Examples of using time travel

  • Fix accidental deletes to a table for the user 111:

    INSERT INTO my_table
      SELECT * FROM my_table TIMESTAMP AS OF date_sub(current_date(), 1)
      WHERE userId = 111
    
  • Fix accidental incorrect updates to a table:

    MERGE INTO my_table target
      USING my_table TIMESTAMP AS OF date_sub(current_date(), 1) source
      ON source.userId = target.userId
      WHEN MATCHED THEN UPDATE SET *
    
  • Query the number of new customers added over the last week.

    SELECT
    (
      SELECT count(distinct userId)
      FROM my_table
    )
    -
    (
      SELECT count(distinct userId)
      FROM my_table TIMESTAMP AS OF date_sub(current_date(), 7)
    ) AS new_customers
    

How do I find the last commit's version in the Spark session?

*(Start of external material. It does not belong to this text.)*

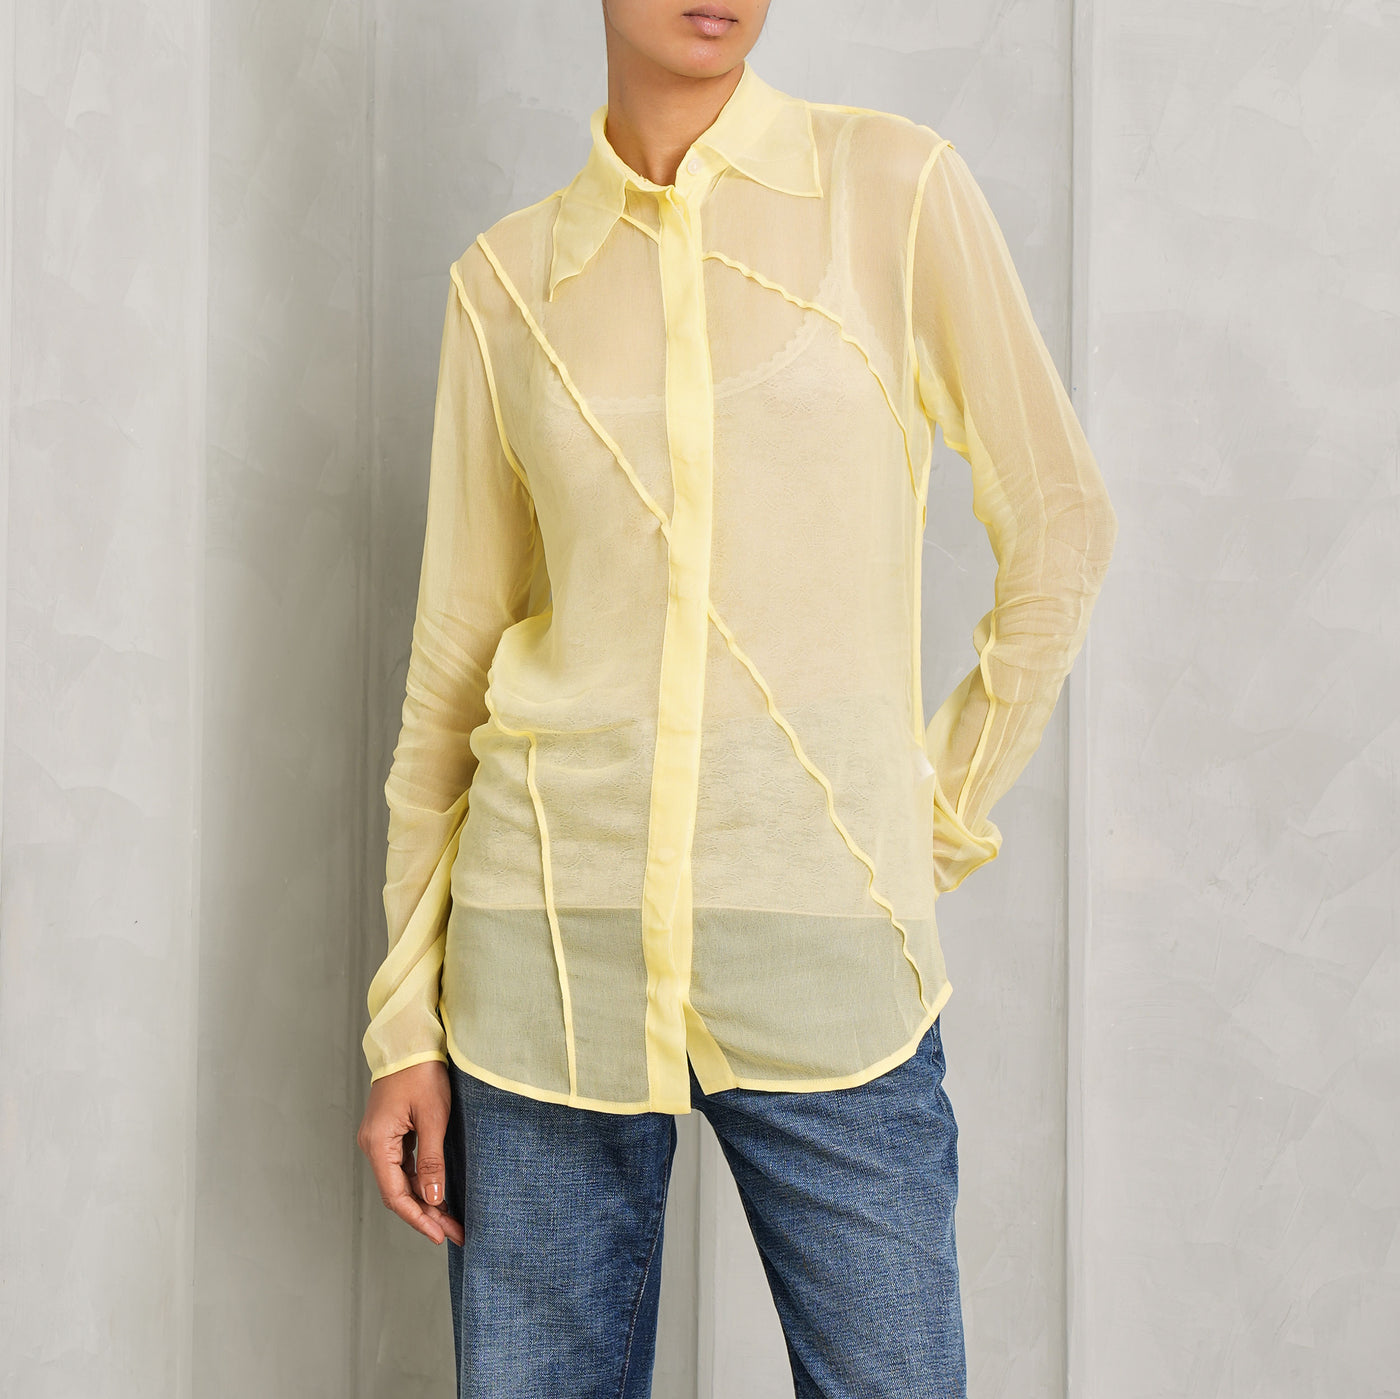 Victoria Beckham yellow georgette blouse

To get the version number of the last commit written by the current SparkSession across all threads and all tables, query the SQL configuration spark.databricks.delta.lastCommitVersionInSession.

Note

For Apache Iceberg tables, use spark.databricks.iceberg.lastCommitVersionInSession instead of spark.databricks.delta.lastCommitVersionInSession.

SQL

SET spark.databricks.delta.lastCommitVersionInSession

Python

spark.conf.get("spark.databricks.delta.lastCommitVersionInSession")

Scala

spark.conf.get("spark.databricks.delta.lastCommitVersionInSession")

If no commits have been made by the SparkSession, querying the key returns an empty value.

Note

If you share the same SparkSession across multiple threads, it's similar to sharing a variable across multiple threads; you may hit race conditions as the configuration value is updated concurrently.